You can skip this step if you already have a cluster setup for scale testing. After creating the cluster, take a look
at the (optional) additional manual configuration steps described in
resources/additional_cluster_configuration_steps.md
. create_cluster_for_scale_test.sh
uses kubectl
and eksctl, which can be installed using installation.sh
(described below)
Steps to create Job execution role: https://docs.aws.amazon.com/emr/latest/EMR-on-EKS-DevelopmentGuide/creating-job-execution-role.html
This is not necessary if you created a cluster using the create_cluster_for_scale_test.sh
script because this script creates a job execution role and prints the ARN to stdout.

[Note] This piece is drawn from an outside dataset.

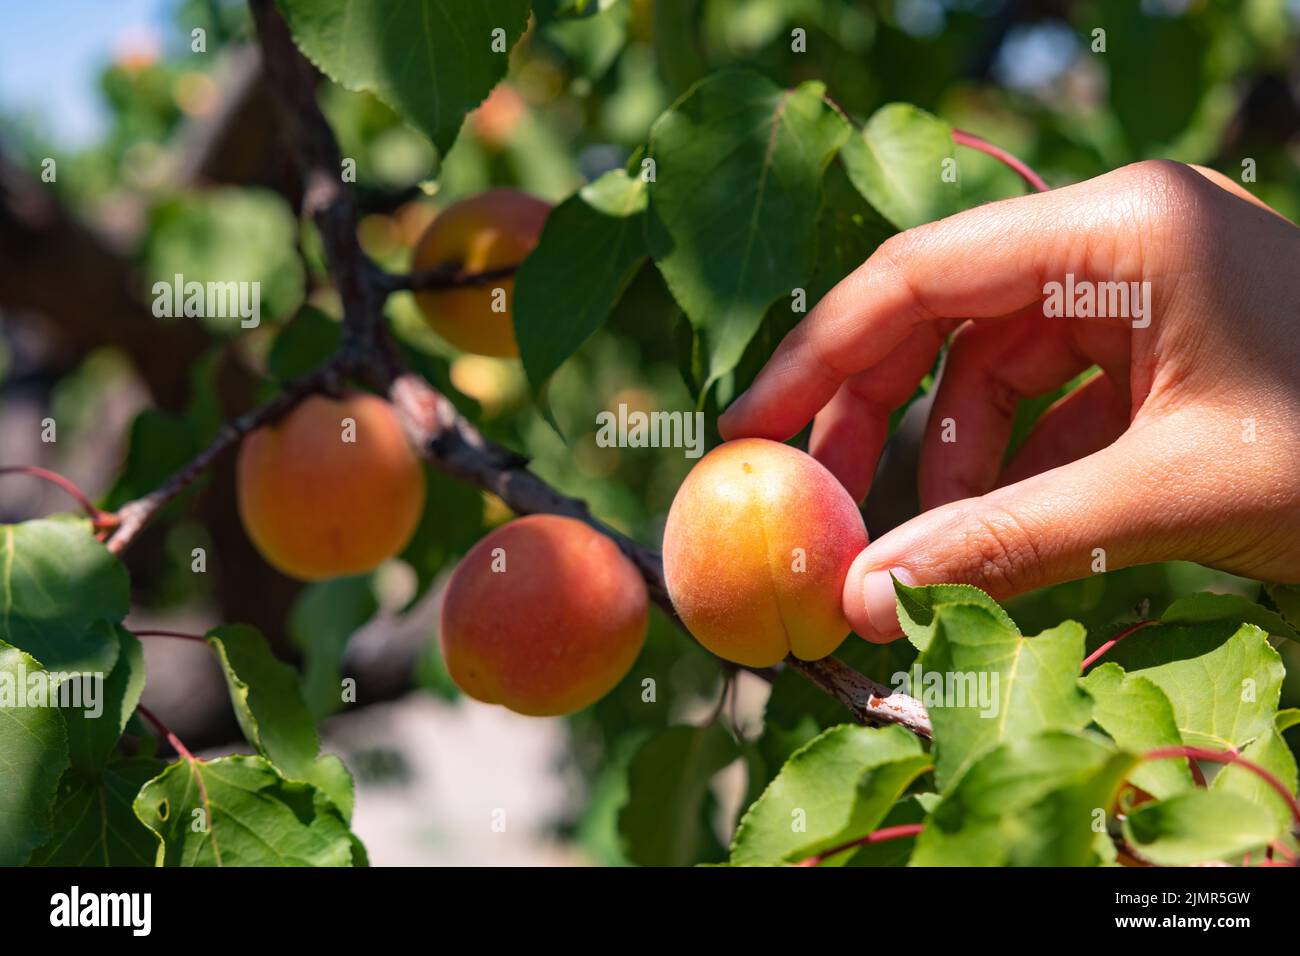 Picking or collecting or harvesting an apricot on the tree in summer. Apricot production background photo. Organic raw fruits. Stock Photo

If you need to add permissions to the job execution role created by create_cluster_for_scale_test.sh
, add the permissions to resources/EMRContainers-JobExecutionRole.json
This step can be ignored if we are running scale test tool on another machine or locally on mac. https://docs.aws.amazon.com/cloud9/latest/user-guide/create-environment.html
- Change variable CLUSTER_NAME to the Scale test EKS cluster in the
installation.sh
file. - Run the installation script
cd scripts/
chmod +x installation.sh
(Make the script executable)./installation.sh
(Run the installation script)
Note: This script needs to be run only once before running the scale test to install all the pre-requisite tools required to run the tests.
This script will download and install the following things:
- Install python3. This is pre-installed in cloud9 environment
- Install boto3 client. This is pre-installed in cloud9 environment
- Install AWS CLI. This is pre-installed in cloud9 environment
- Install locust, install python kubernetes client.

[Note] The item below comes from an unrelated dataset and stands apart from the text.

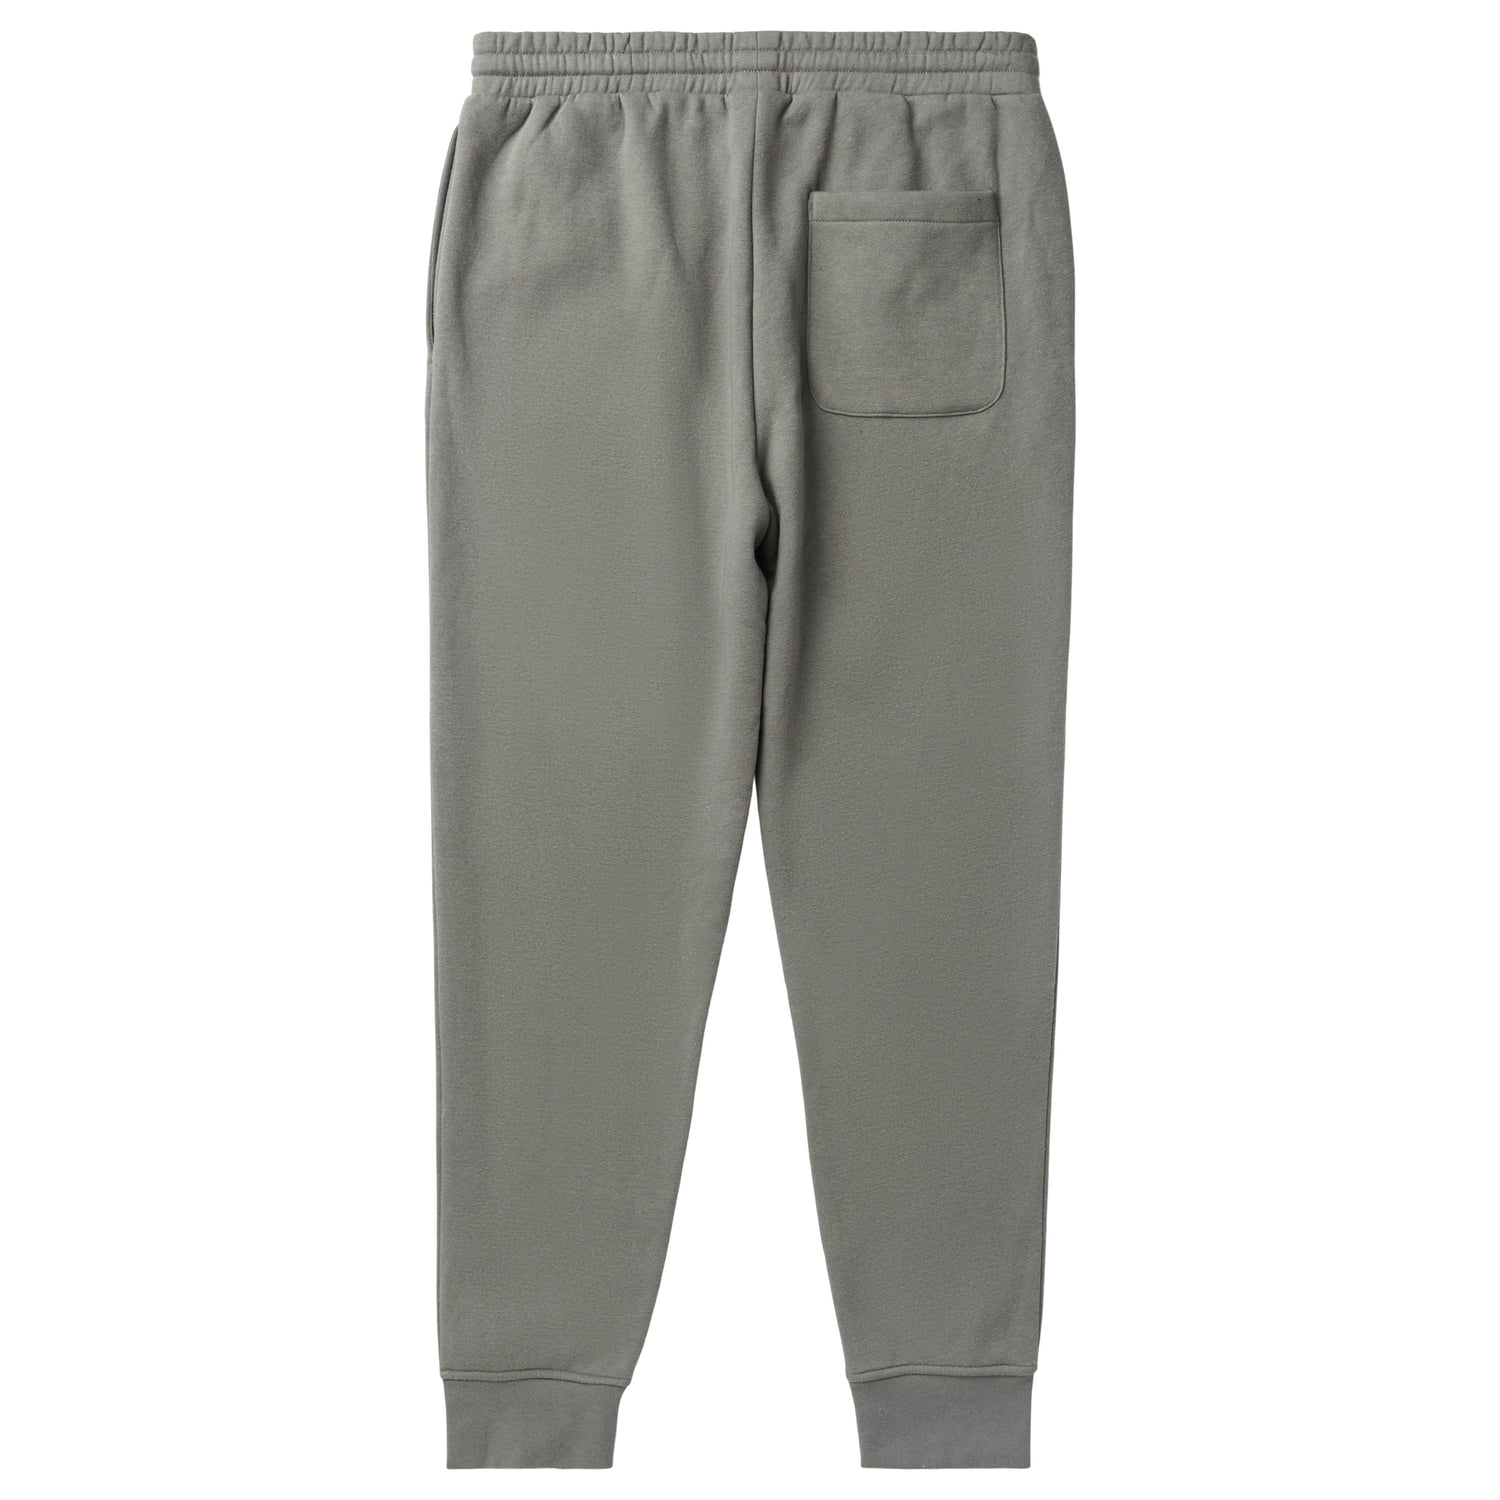 WITH US TREES JOGGER SWEATPANTS - CHARCOAL

- Install Kubectl for Linux
- Install eksctl
- Install Kubernetes client
- Update kubeconfig
- Install helm for prometheus and grafana
- Add prometheus Helm repo and install prometheus in the EKS cluster
- Add grafana Helm repo and install Grafana
- After the installation is complete, command to get the Grafana ELB URL will be executed. This should print the web url of the ELB and we access Grafana web UI from a web browser. Use the username "admin" to login. After the web url, password for Grafana UI will also be printed on the console
- Set the variables in
scale_test_tool/config/eks_cluster_config.py
- EKS_CLUSTER_NAME
- AWS REGION
- Set the variables in
scale_test_tool/config/job_config_parameters.py
- JOB_EXECUTION_ROLE_ARN, CLOUD_WATCH_LOG_GROUP_NAME, S3_LOG_PATH
- Optionally, override the various job config parameters in order to have the scale test run your own job. The default configuration will run the example SparkPi Job that is bundled with Spark.

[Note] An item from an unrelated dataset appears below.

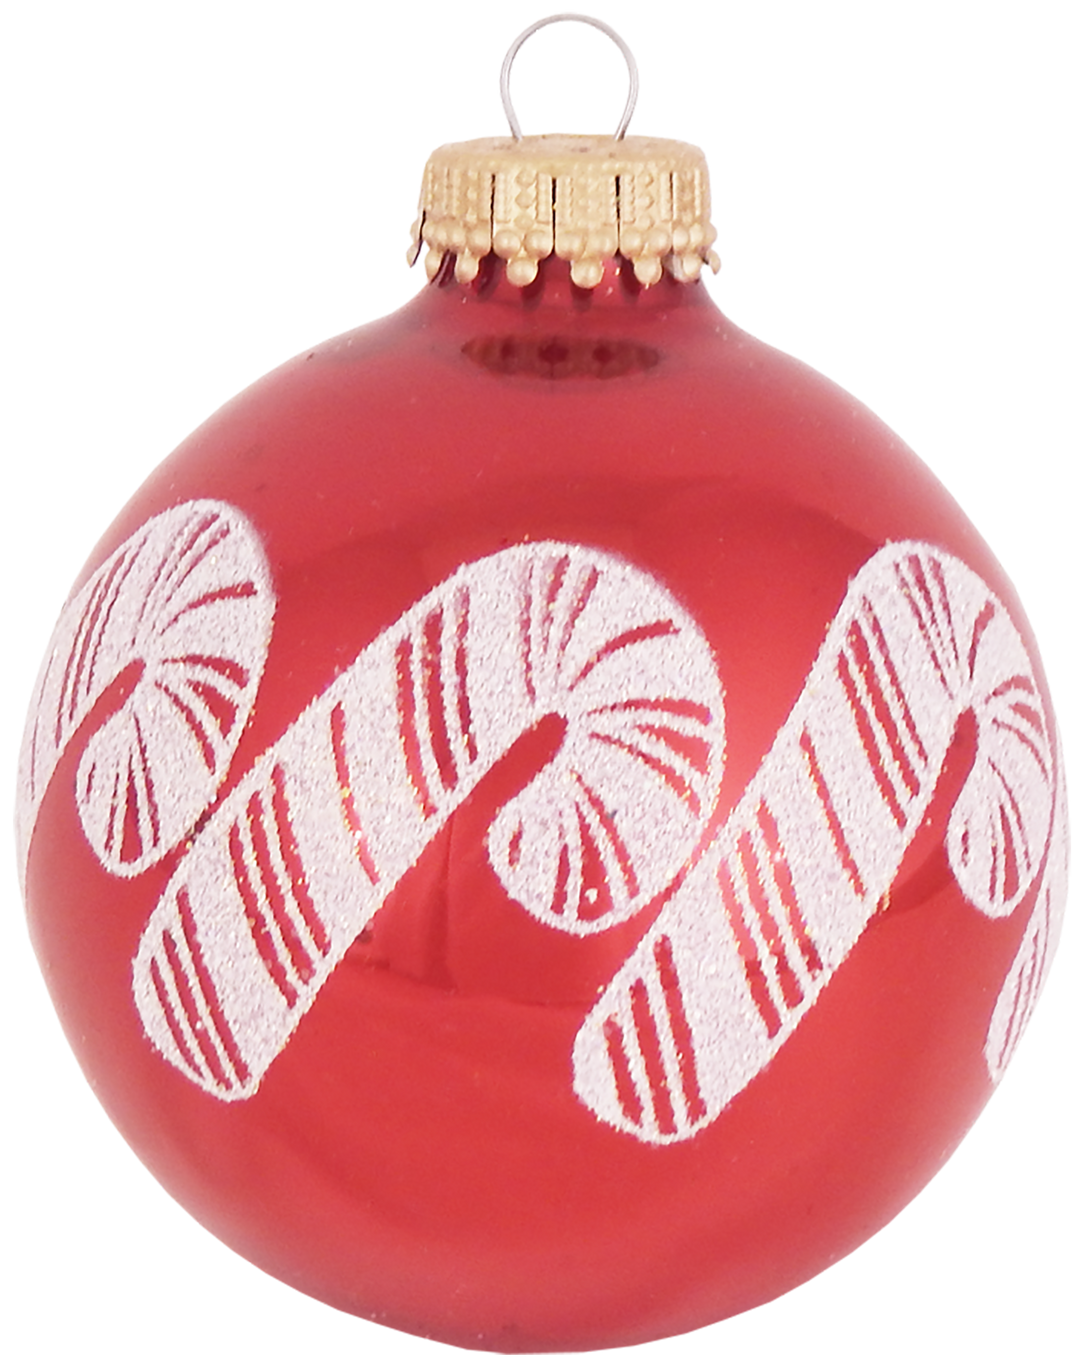 2 5/8" (67mm) Glass Ball Ornaments, Candy Apple Red / Flame Red with Standing Candy Canes, 4/Box, 12/Case, 48 Pieces

Configure the locust file at path scale_test_tool/locust/locust.conf
:
- Configure
users
parameter based on the number of Jobs that should run as a part of scale test. - Configure
spawn-rate
parameter which determines at what rate per second the job threads should be spawned - Configure
run-time
which determines the total runtime of the Scale test
Details about how to configure these parameters has been mentioned in the locust.conf
file.
There are other parameters as well which can be configured as per the requirement. More details in the locust.conf
file.
cd ~/<Path to github repository>/
locust --config=scale_test_tool/locust/locust.conf